This smoothness, as we shall see, is an illusion, and that’s not all. Here is another YouTube video:


It is uploaded by Jamey Pittman, the author of the Pac-Man Dossier article, which has become the source of much of the information about Pac-Man for my book. The video is slightly rewound to save you time. Watch it. In particular, keep an eye on Pac-Man and the red ghost (the manual says that his name is Blinky). Notice what happens around the fortieth second!

Have you seen? Pac-Man passed through the red ghost without any problems! How did this happen? Is it possible to ensure that this happens all the time?

Calm down, I'll explain everything now, and yes, this is constant behavior. If you accurately follow Pittman’s instructions on level one, it will always happen.


Pac-man

What is a sprite?


Part of the two-dimensional graphics equipment used in the games special graphics, which are called sprites. Perhaps you have heard this term in modern conversations about the pixel graphics characters.

But before, the meaning of the term was different: they were used to designate an independently moving graphic object, which could be placed anywhere on the screen, or on top of the rest of the graphic, called the background, or under it. Sprite are given X and Y coordinates, an image and its color. Often they were used for game characters, but also used as additions to the background and for other purposes.

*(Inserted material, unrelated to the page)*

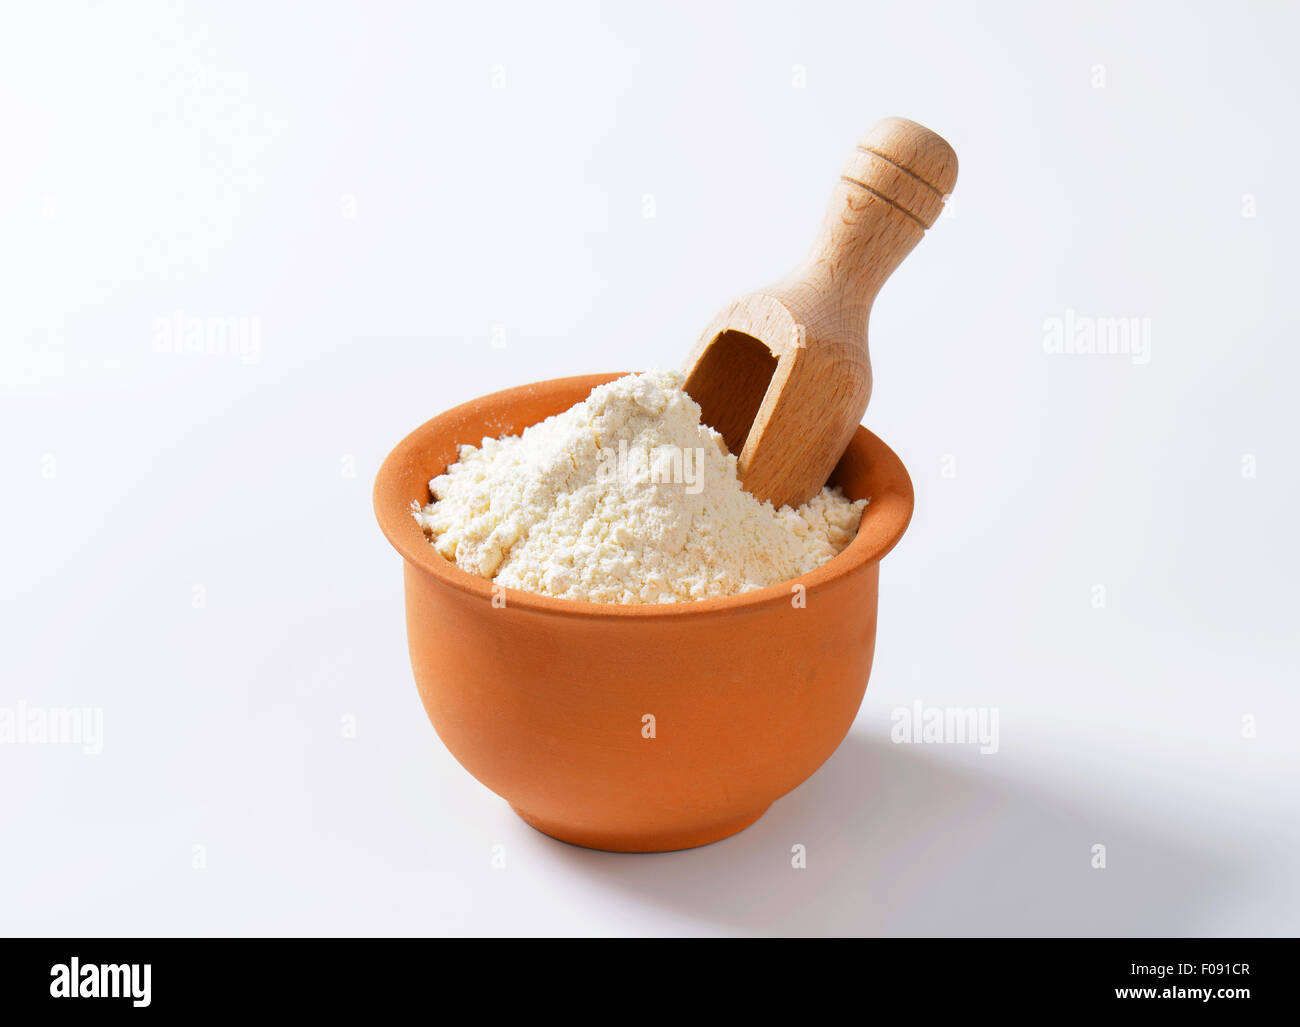 Finely ground flour and wooden scoop in terracotta bowl Stock Photo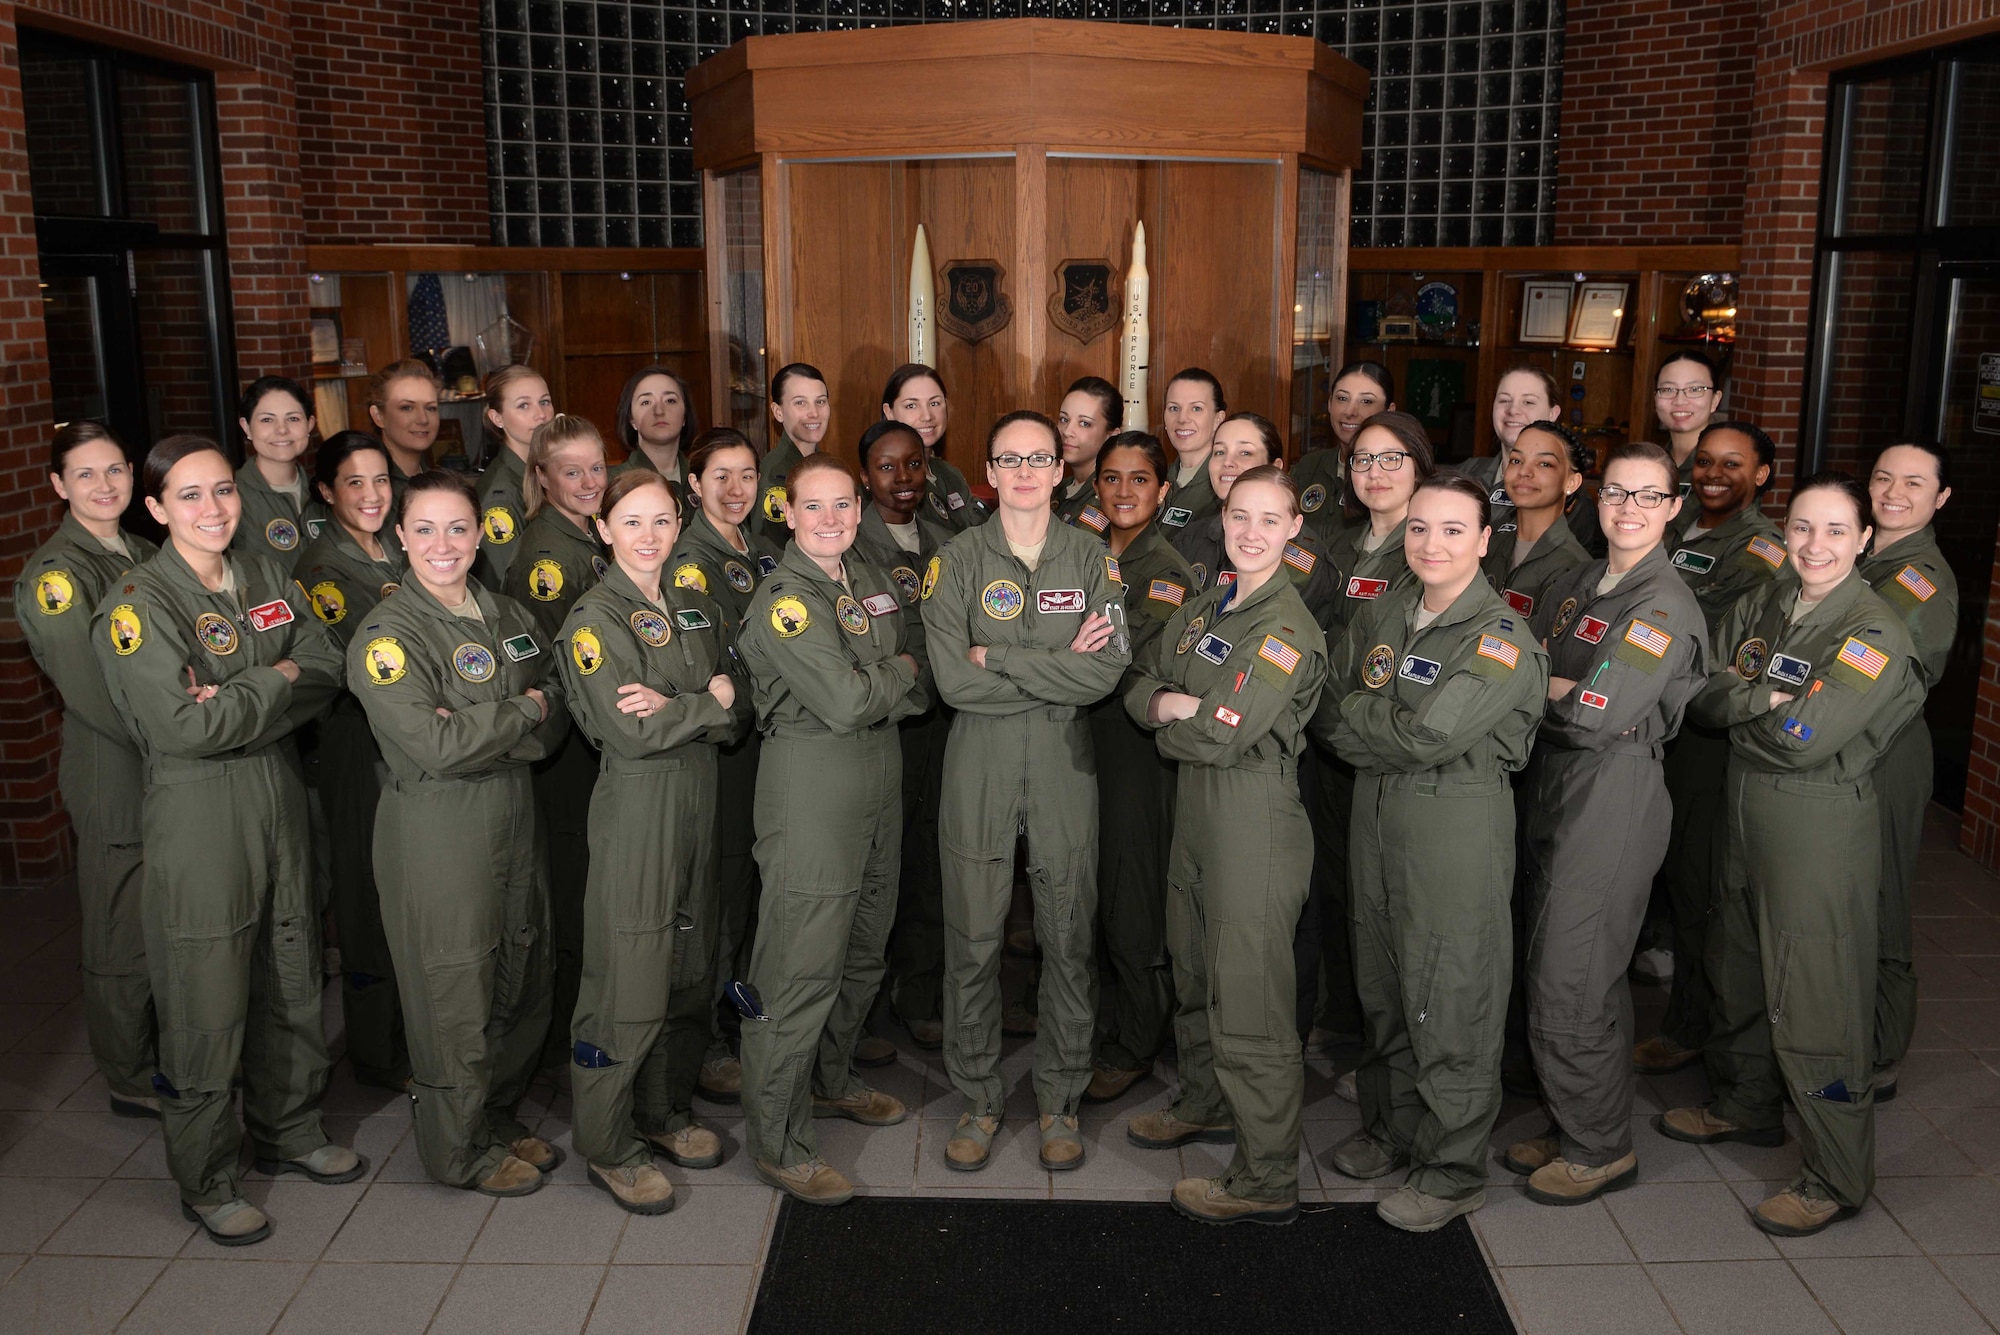 91st Missile Wing members pose for a photo in honor of Women's History month. (U.S. Air Force photo/Airman 1st Class Jessica Weissman)

Most systems supported multiple or (in the case of Galaga) multiple sprites. They had other names: Atari first called them "Player-Missile Graphics" (Player-Missile Graphics), and in early Commodore documentation they were referred to as "Movable Object Blocks" (MOB). However, gradually, almost everyone began to call them sprites.

Equipment arcade Pac-Man supports sprite graphics. It can display on the screen up to eight sprites at the same time, and that is without using tricks with sweep strings. One of the sprites is the image of Pac-Man himself, plus four more are used by ghosts. When Pac-Man eats the ghost, his eyes returning home use the ghost sprite.

Not everything that changes on the screen is a sprite. Another type of graphics used by the equipment of that time is tile background . It was just a grid of individual graphic elements stored in memory. When changing the contents of a section of memory, a small part of the screen corresponding to this part of the grid also changes immediately. Therefore, it is easy to work with these grids.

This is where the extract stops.